Taiwanese entrepreneurs, used to the rule of law at home, find it difficult to accept the idea that even government-approved measures and policies can be rolled back at any time in China. Therefore, Yeh advises his peers to enlist the help of professional legal experts before delving into a China venture. "Spend the money that needs to be spent on lawyer's fees," Yeh advises.

Landmine No. 5: Poor Judgment about Policy Implications

Feng-jyh Lin, executive director of the EMBA Program of the School of Management Development at Feng Chia University, thinks that Taiwanese companies in China are under pressure to transform. With the rise of homegrown Chinese enterprises and government measures for boosting domestic demand, Taiwanese companies will have to focus on coping with a changing external environment rather than concentrating on internal management and control.

Aside from land expropriation, Taiwanese investors need to pay attention to other external factors such as government policies at various different levels says Lin, urging caution.

Wu's research shows that the rise and fall of Chinese companies is highly related to the government policies being promoted at the time. Similarly, Taiwanese businesses must not underestimate the impact of every single new policy, Wu warns.

Tainan native Chen Shen-Tien, chairman of Shanghai-based real estate developer Metropolitan Group, urges other Taiwanese businesses to do their homework. "When doing business in China, you should hone your ability to ponder the meaning and impact of each new policy whenever one comes out," says Chen, who has been active in China for more than a decade.

For instance, China's Labor Contract Law, enacted two years ago, has left a deep mark on Taiwanese businesspeople. It was the biggest policy change in recent years and dealt a major blow to many companies. In the Taiwanese business community, it is widely believed that this new policy, which increased average labor costs by 30 percent, has triggered the biggest wave of bankruptcies among Taiwanese businesses in China to date.

When asked about the topic, a Taiwanese entrepreneur in Shenzhen reacts with righteous indignation, saying, "If one day things don't go smoothly at work, the employee can immediately join hands with a whole bunch of lawyers offering free advice in the streets on how to 'blackmail' the boss and get money from him." He rants on that in the whole world there is no other law of such lethal force, in particular because it may be retroactively applied to cases that happened up to ten years earlier.
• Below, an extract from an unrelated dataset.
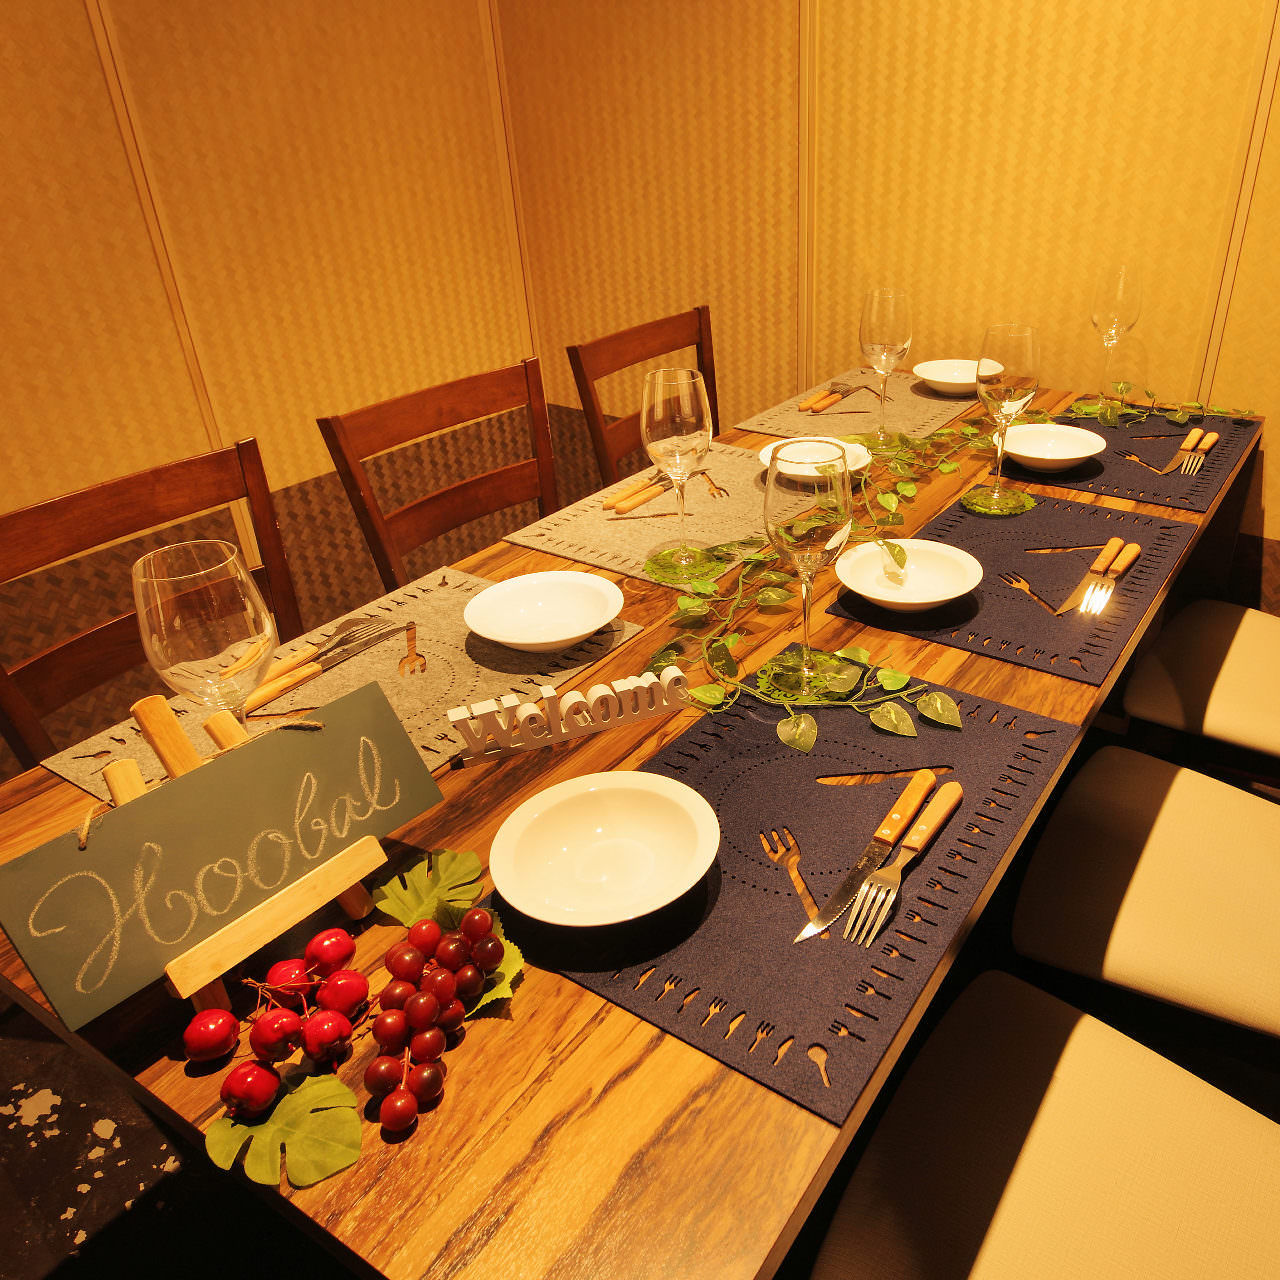 洋風で洒落たオシャレ空間でごゆっくりとご宴会を。

In China, every new policy is an opportunity, but also a crisis. "If you want to make money in China, you need to face every policy with extreme caution," notes Otto Tu, partner in the Taiwan Office of accounting firm Deloitte. "Everyone disregards this interfering hand in the market, and that's why people are often overly optimistic about the Chinese economy," Tu explains.

More than two decades of experience, a million Taiwanese businessmen, and the loss of hundreds of billions of Taiwan dollars in business failures – these are the price that Taiwan has paid for its hard-won lessons in China, and they have revealed five major landmines no businessman can afford to ignore. Before even thinking about reaping the fruits of China's economic rise, it is vital to study these valuable examples of business failure, to lay the foundations for future success.